PNX Metals delivers positive PFS for Fountain Head and Hayes Creek

PNX Metals ASX Fountain Head Hayes Creek gold silver zinc Preliminary Feasibility Study PFS
The proposed development involves mining gold from Fountain Head for the first five years then processing gold-silver-zinc from Hayes Creek in the Northern Territory.

Exploration junior PNX Metals (ASX: PNX) has revealed results of a pre-feasibility study (PFS) that supports the sequential development of its wholly-owned Fountain Head gold and Hayes Creek gold-silver-zinc projects in the Northern Territory.

Both projects are located about 170km south of Darwin in the territory’s Pine Creek region and host a combined mineral resource of 470,000 ounces of gold, 16.2 million ounces of silver and 177,000 tonnes of zinc, of which 68% is classified in the indicated category.
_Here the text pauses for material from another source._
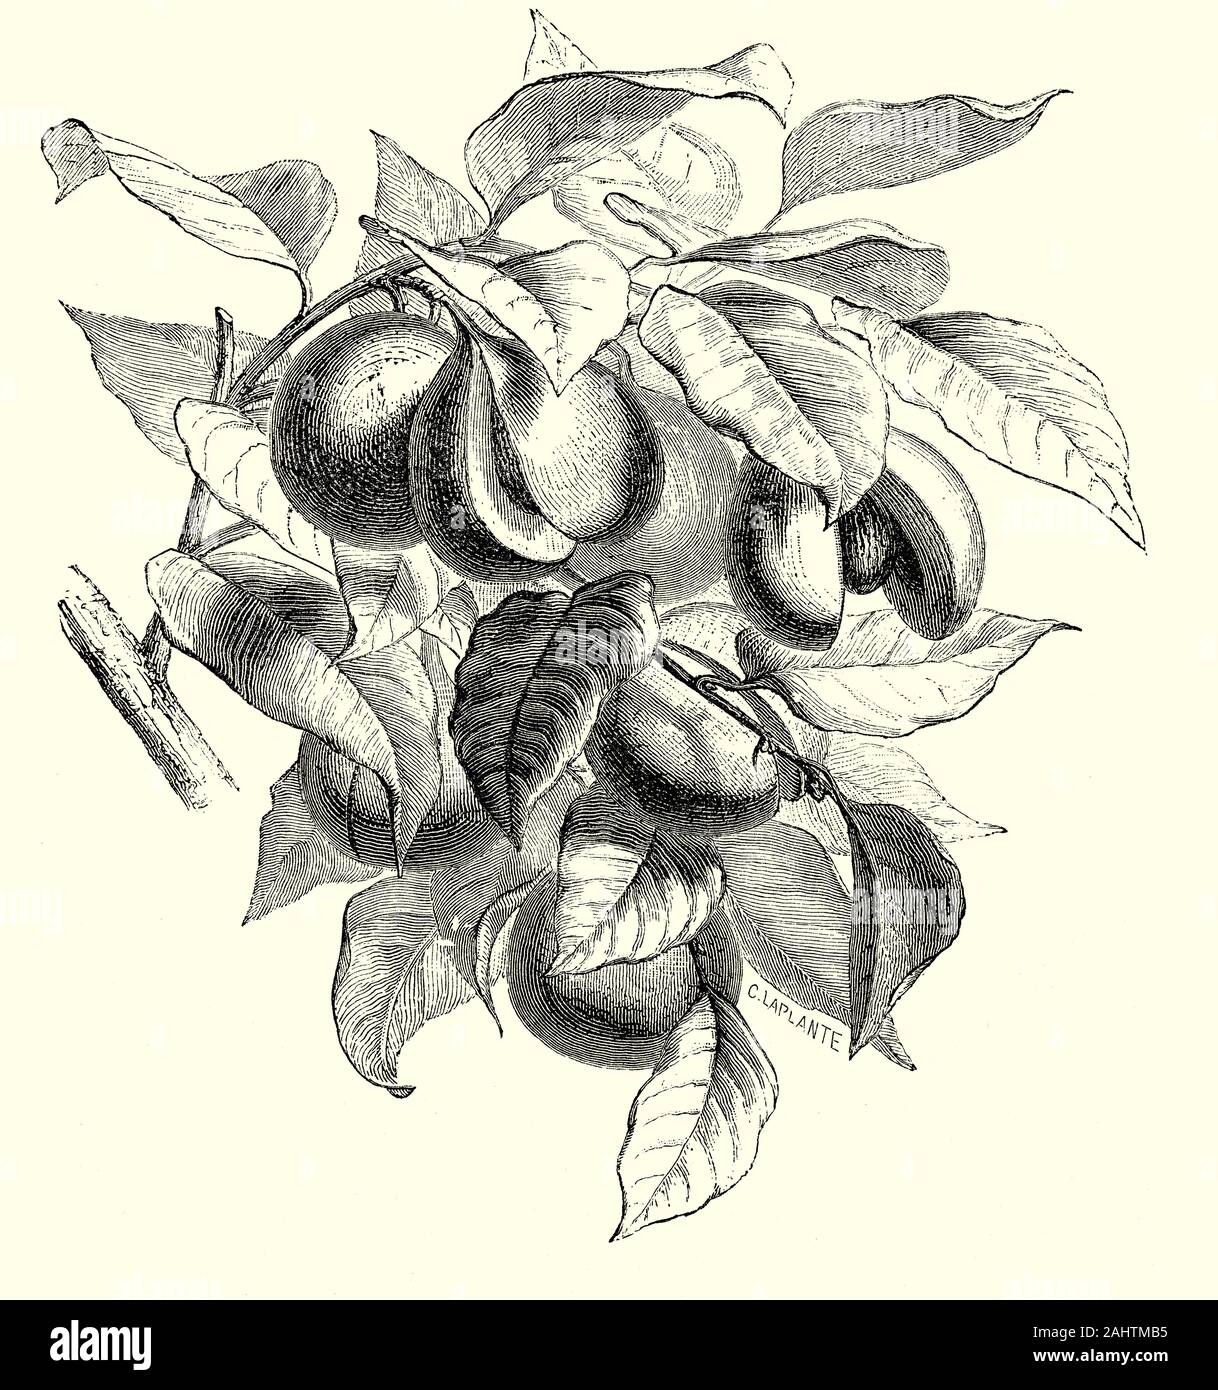 I semi della noce moscata (Myristica moschata), un nativo delle Indie Orientali, è attualmente coltivato in misura limitata nelle Indie Occidentali e America tropicale. Il frutto della copertura esterna è spessa e carnosa, e diventa coriacea e secca come la maturazione. All interno di questo è un colore rossastro o arancione aril, sottile, liscia, e variamente split, che è noto in commercio come macis. Entro il macis e strettamente coperto da un sottile guscio, è il seme del frutto che è la noce moscata di commercio. Noce moscata e macis sono il riscaldamento di spezie, di tipo diffusivo e moderatamente stimolante. Foto Stock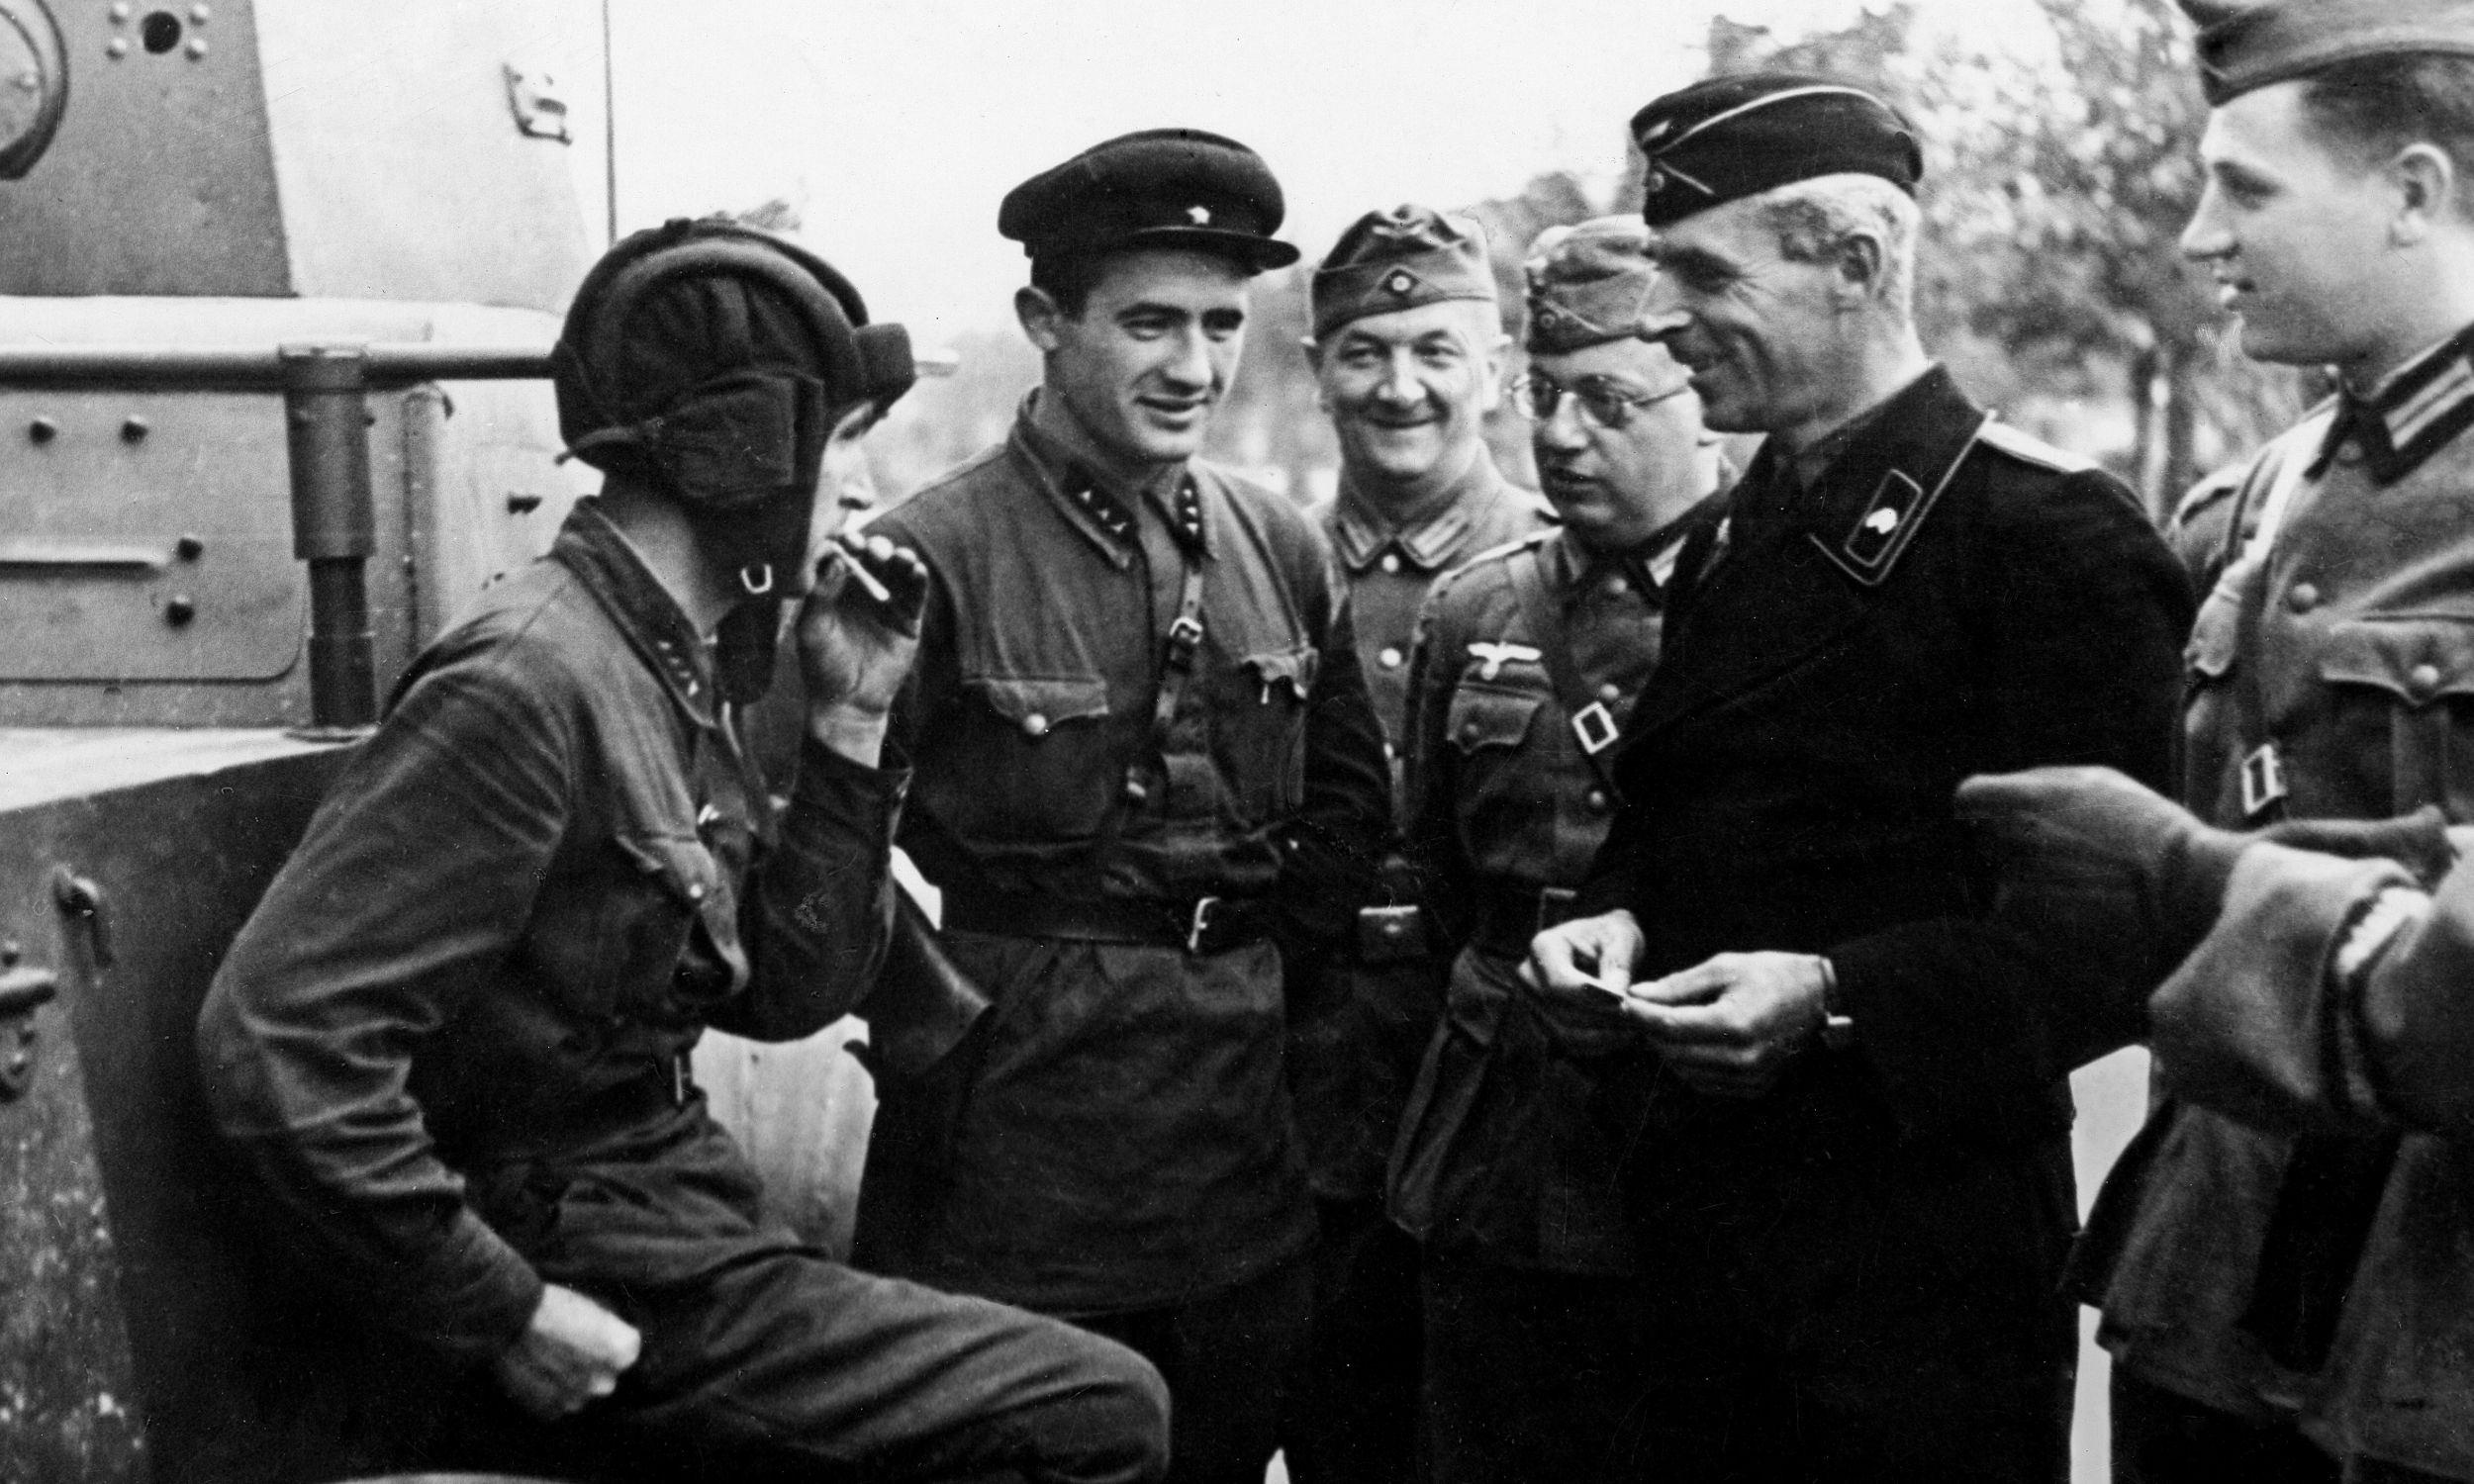 Wrzesień 1939 roku, po agresji ZSRR na Polskę. Niemieccy i radzieccy żołnierze rozmawiają w jednym z okupowanych  polskich miast. Fot. Ullstein Bild via Getty Images

The proposed development envisages initial gold mining and processing at Fountain Head for five years with a total upfront capital cost of $46 million, to be followed by gold-silver-zinc development at Hayes Creek from year four onwards.

The combined project is forecast to generate total undiscounted revenues (net of treatment, refining and transport costs) of $972 million over its 10-year mine life from a total mining inventory exceeding 7 million tonnes. Gold will be the largest contributor to life-of-mine revenue at 48% followed by silver at 27% then zinc at 25%.

Other PFS metrics include a pre-tax internal rate of return (IRR) of 63% with an approximate 18-month payback period and net revenues of $352 million, returning a net cash position of $276 million after tax.

The study was modelled on a gold commodity price of US$1,733 per ounce, a US$25/oz silver price and a zinc price of US$1.31 per pound, with a foreign exchange rate of US$0.77/A$1.00.

The life of mine all-in sustaining costs (AISC), net of zinc by-product credits, has been estimated at A$1,119/oz gold equivalent.

PNX managing director James Fox said positive results from the PFS provide strong validation for a staged development process and an “accelerated schedule to achieve a near-term gold production target of mid-2022”.

“The project Environmental Impact Assessment is now open for public consultation, with approvals targeted for late 2021, and the company is working with its’ engineers to finalise the plant and infrastructure scope of works” he added.

Two-stage development

Gold processing will take place at a proposed carbon-in-leach (CIL) plant located at Fountain Head and the Hayes Creek development will use the mined-out Fountain Head pit for tailings storage. The proposed CIL plant and infrastructure will be capable of treating 750,000t per annum with a capacity potential of 900,000tpa.

Stage one, the first five years of the project, will involve processing near-surface oxide and free-milling gold and silver ore from three open pit mines at Fountain Head, Mt Bonnie and Glencoe.

For stage two, the CIL plant will be upgraded to incorporate a sulphide flotation circuit capable of processing the Hayes Creek high-grade gold-silver-zinc massive sulphide ores into two valuable product streams, zinc concentrate and a precious metals concentrate. These concentrates will be trucked to the Port of Darwin and then shipped to international markets for sale and smelting and refining.

The PFS forecasts an initial capital outlay of $40.3 million for the stage one pre-production mine development, plant and associated infrastructure, including engineering procurement construction and management (EPCM) costs.

Plant first fill and critical path spares are expected to be a further $1.69 million and an additional $4 million working capital component has been included in the financial model to manage the cost of the project through the commissioning phase.

Stage two construction of infrastructure to process the Hayes Creek sulphide ore is estimated to cost an additional $58 million. This is expected to start in year three and be funded from operating cash flows after the payback of the initial stage one capital.

First gold production is targeted from mid-2022 and the project is forecast to produce (in the form of dore and concentrates) a total of 250,000oz gold, 11.4Moz silver and 116,300t zinc over the 10-year life of the mine.

EIS approval awaited

Approval has been received from the NT Government for a variation to PNX’s mine management plan to allow dewatering of the Fountain Head pit.

The Fountain Head Environmental Impact Statement (EIS) was also submitted to the NT Environmental Protection Authority (NTEPA) in late May with the public consultation period underway and EIS approval anticipated by the end of the year.

Reverse circulation drilling is also planned to commence in mid-June to test for new mineralised positions with the potential to increase the mineable gold contained within the existing pit shells at Fountain Head and Glencoe.

“We look forward to getting on the ground and starting drilling shortly,” Mr Fox said.